Hainggyi Island

Geography
- Location: Indian Ocean
- Coordinates: 16°00′00″N 94°19′04″E﻿ / ﻿16°N 94.3179°E
- Adjacent to: Bay of Bengal
- Total islands: 1
- Area: 25.29 km^{2} (9.76 sq mi)

Administration
- Myanmar
- Region: Ayeyarwady
- District: Pathein
- Township: Ngapudaw
- Subtownship: Hainggyikyun

Demographics
- Languages: Burmese
- Ethnic groups: Bamar

Additional information
- Time zone: MST (UTC+6.30);

= Hainggyi Island (island) =

Island in southwestern Myanmar

Hainggyi Island (ဟိုင်းကြီးကျွန်း, also spelt Haigyi Island or Hainggyikyun) is an island near the southwestern tip of Ayeyarwady Region near Cape Negrais located at the mouth of the Pathein River. The island has a marine port in its west and the town of Hainggyi Island on the east. The island is divided into the village tract of Zibyugyaung and the town of Hainggyi Island, which has 2 wards.
The island lies within Hainggyikyun Subtownship within Ngapudaw Township, Pathein District.

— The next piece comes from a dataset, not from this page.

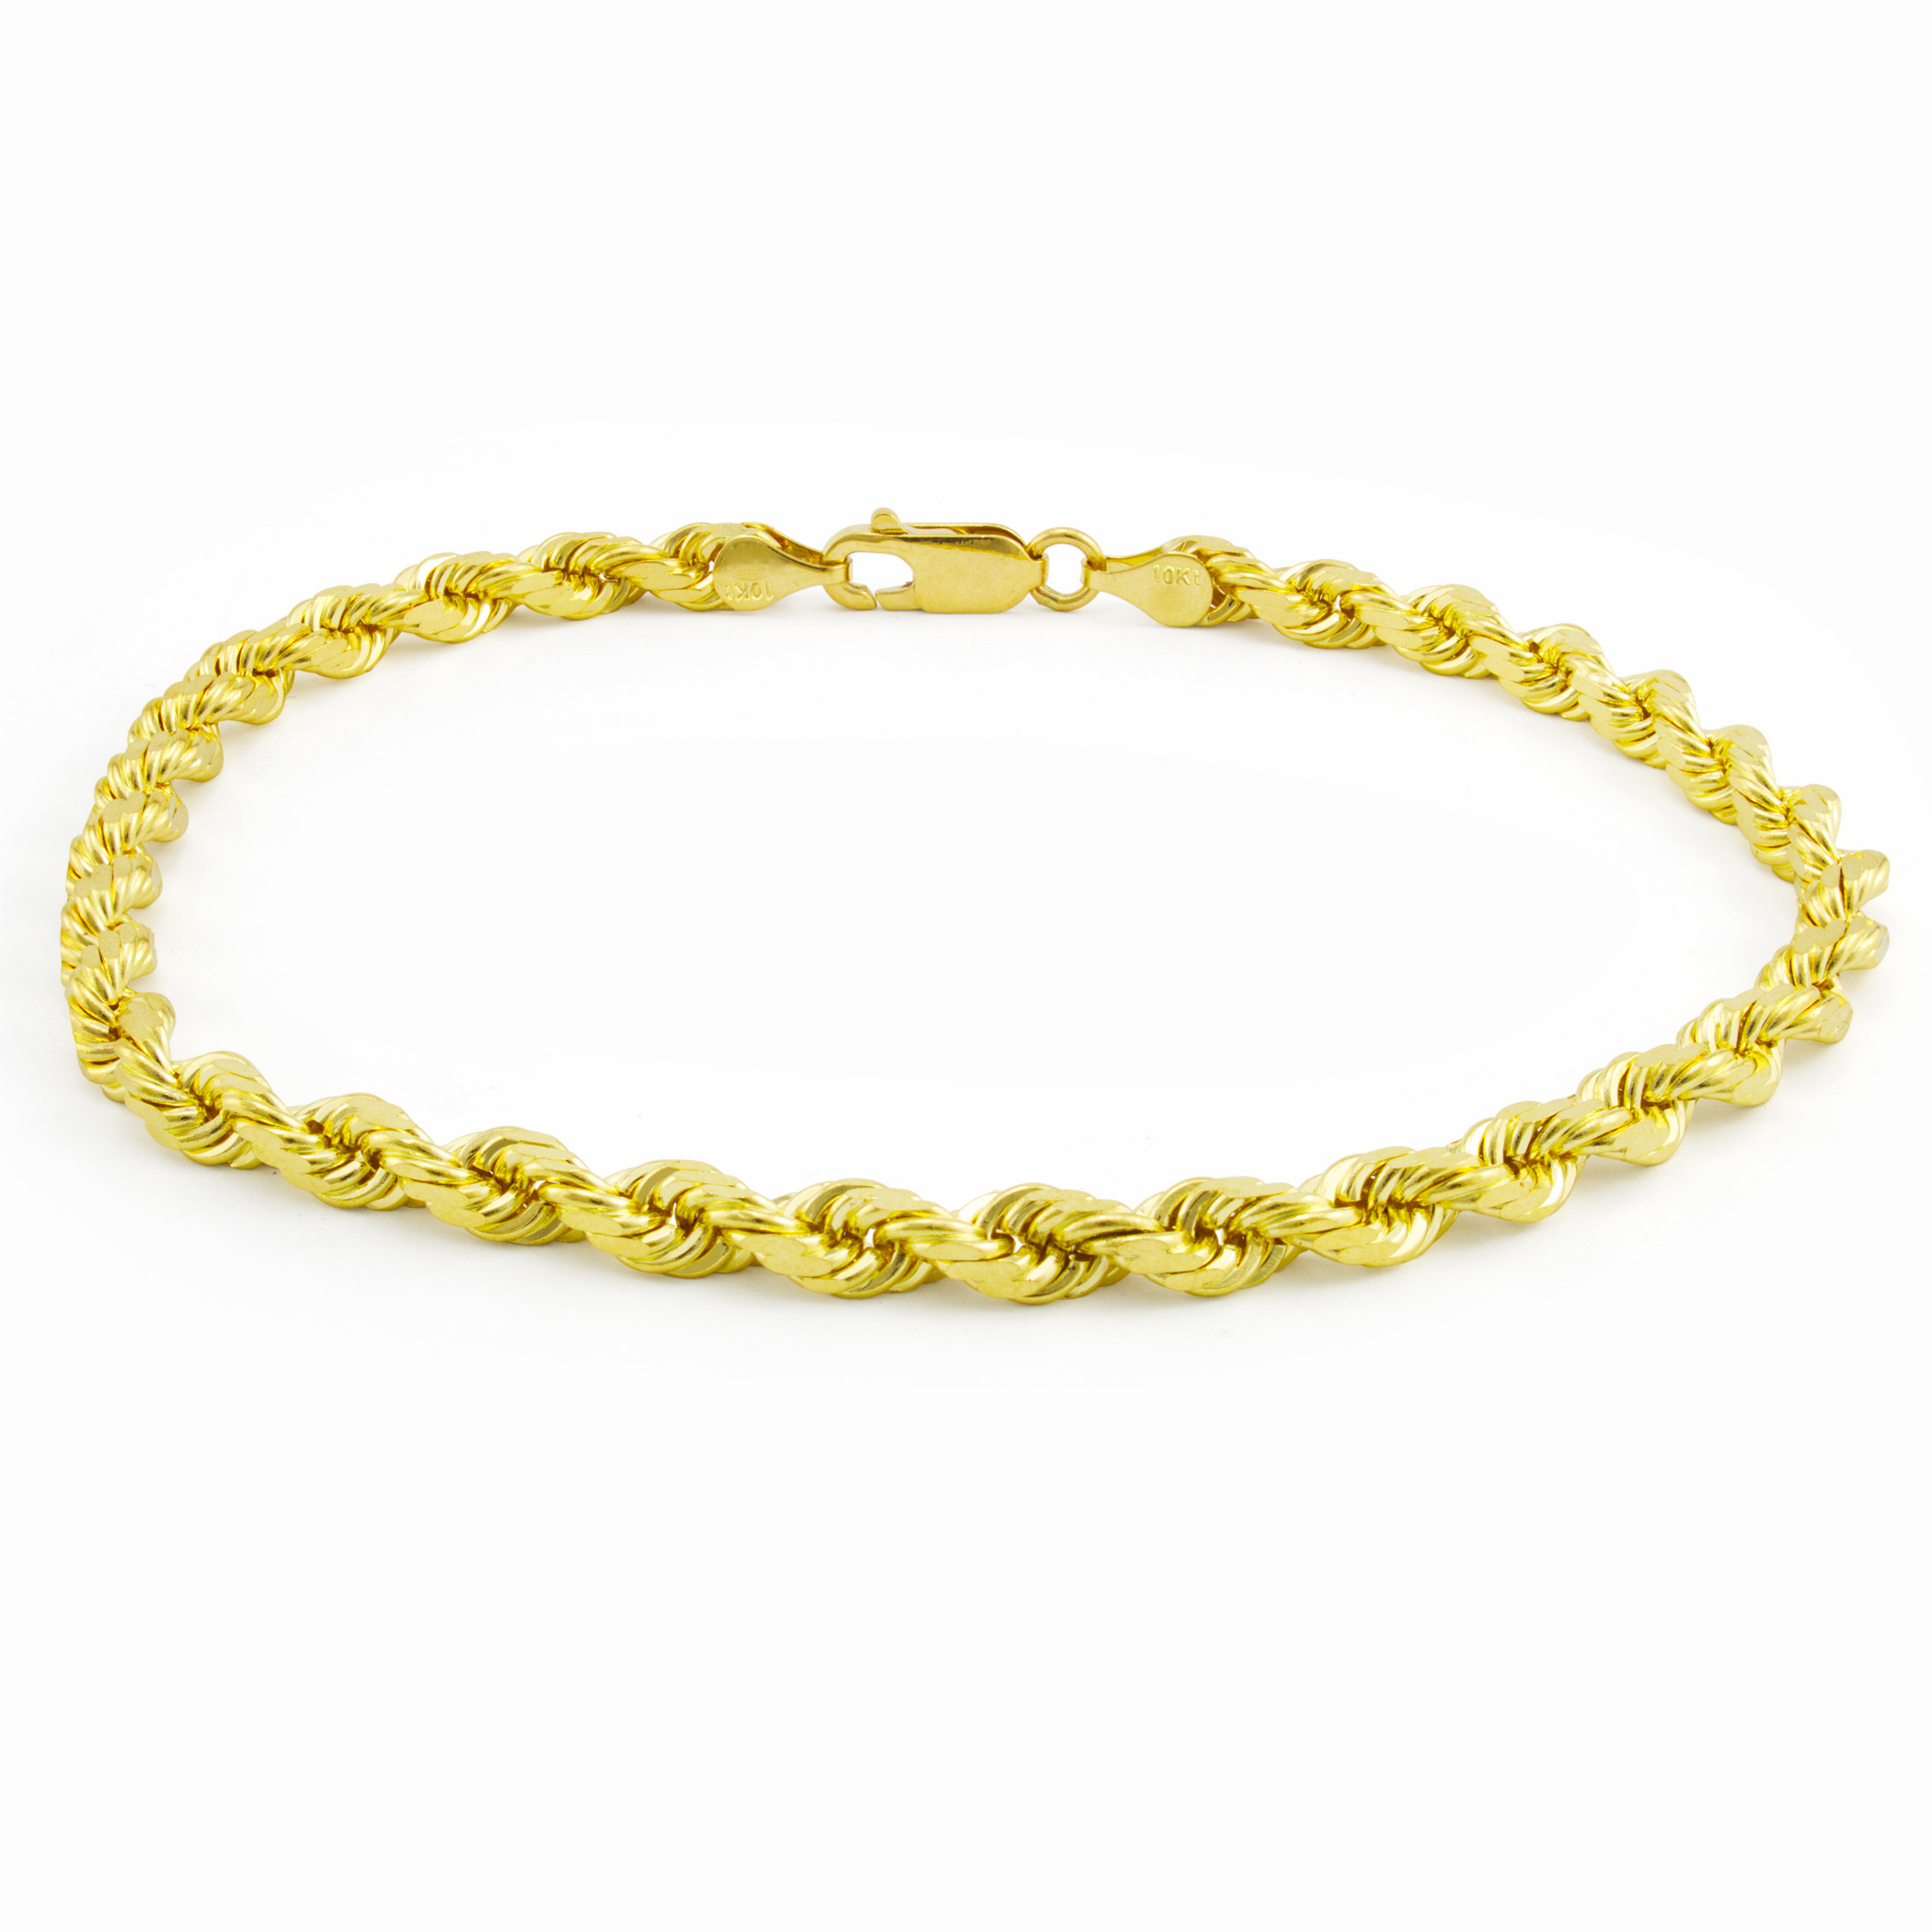 "10K Real Yellow Gold Men Womens 5mm Diamond Cut Rope Chain Bracelet 8"" 8.5"" 9"""

The Pammawaddy Regional Command of the Myanmar Navy is headquartered in Hainggyi Island with its main port in the western part of island, outside the town. The Khamaukmaw Bridge connects the island to the mainland on the far western end south of the port.

Cyclone Nargis made landfall on Hainggyi Island in 2008 with sustained winds of 130mph. Political unrest at the time within Myanmar severely impeded aid and relief efforts.